EXERCISE REQUIREMENTS: Select every line containing the word "Photography" from the material, and copy those lines.

TASK INPUTS:
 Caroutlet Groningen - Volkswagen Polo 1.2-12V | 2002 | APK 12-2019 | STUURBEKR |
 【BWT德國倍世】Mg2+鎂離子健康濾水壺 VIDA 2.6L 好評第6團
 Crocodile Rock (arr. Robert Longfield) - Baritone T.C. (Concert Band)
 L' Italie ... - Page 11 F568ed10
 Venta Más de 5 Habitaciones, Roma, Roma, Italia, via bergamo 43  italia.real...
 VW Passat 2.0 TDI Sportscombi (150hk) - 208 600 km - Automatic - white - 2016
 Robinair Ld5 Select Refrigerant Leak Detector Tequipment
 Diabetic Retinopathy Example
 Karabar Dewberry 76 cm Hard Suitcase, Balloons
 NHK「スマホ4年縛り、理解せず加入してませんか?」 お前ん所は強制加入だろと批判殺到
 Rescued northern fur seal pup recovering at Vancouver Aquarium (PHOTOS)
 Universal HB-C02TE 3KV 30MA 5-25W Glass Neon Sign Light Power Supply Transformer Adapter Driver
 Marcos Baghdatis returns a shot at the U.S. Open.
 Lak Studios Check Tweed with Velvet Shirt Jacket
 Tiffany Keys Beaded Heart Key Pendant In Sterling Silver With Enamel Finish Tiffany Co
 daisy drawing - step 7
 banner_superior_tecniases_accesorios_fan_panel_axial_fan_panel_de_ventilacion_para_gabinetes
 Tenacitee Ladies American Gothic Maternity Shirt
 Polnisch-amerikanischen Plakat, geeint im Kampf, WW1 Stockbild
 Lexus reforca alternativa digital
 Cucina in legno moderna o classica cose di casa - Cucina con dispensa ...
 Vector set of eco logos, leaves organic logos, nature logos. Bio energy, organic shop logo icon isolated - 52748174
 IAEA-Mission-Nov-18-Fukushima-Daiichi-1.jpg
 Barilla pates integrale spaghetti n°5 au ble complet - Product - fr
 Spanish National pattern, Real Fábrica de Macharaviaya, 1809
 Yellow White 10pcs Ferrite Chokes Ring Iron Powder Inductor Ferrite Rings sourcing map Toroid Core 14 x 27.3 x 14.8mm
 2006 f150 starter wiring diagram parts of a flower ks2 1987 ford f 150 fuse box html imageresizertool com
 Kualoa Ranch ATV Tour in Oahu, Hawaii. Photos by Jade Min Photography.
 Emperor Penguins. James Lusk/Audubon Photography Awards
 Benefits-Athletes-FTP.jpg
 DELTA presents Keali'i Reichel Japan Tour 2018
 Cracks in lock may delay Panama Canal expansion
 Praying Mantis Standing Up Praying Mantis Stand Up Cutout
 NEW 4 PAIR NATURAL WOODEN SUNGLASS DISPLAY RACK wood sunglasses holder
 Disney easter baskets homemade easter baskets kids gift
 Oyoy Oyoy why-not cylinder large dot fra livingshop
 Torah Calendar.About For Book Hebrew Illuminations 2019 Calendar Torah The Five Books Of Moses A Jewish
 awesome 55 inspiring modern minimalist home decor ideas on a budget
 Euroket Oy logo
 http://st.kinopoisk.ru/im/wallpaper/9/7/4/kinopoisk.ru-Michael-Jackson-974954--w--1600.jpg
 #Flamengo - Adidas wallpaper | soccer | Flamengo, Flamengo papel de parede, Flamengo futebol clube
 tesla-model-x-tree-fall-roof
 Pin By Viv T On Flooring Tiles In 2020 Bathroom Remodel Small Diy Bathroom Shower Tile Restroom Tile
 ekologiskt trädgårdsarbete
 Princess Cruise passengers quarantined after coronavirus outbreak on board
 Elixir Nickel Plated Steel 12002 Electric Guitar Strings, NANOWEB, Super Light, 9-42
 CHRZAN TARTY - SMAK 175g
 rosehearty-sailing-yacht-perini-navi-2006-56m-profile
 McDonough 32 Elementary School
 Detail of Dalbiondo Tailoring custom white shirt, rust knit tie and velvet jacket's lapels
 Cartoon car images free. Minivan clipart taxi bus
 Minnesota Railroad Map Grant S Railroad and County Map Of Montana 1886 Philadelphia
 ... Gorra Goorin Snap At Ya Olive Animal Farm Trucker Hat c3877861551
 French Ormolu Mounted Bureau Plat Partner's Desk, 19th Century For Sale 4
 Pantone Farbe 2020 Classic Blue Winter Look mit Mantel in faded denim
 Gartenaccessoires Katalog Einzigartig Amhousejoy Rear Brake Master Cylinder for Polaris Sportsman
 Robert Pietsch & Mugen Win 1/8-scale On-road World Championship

TASK RESULT:
 Kualoa Ranch ATV Tour in Oahu, Hawaii. Photos by Jade Min Photography.
 Emperor Penguins. James Lusk/Audubon Photography Awards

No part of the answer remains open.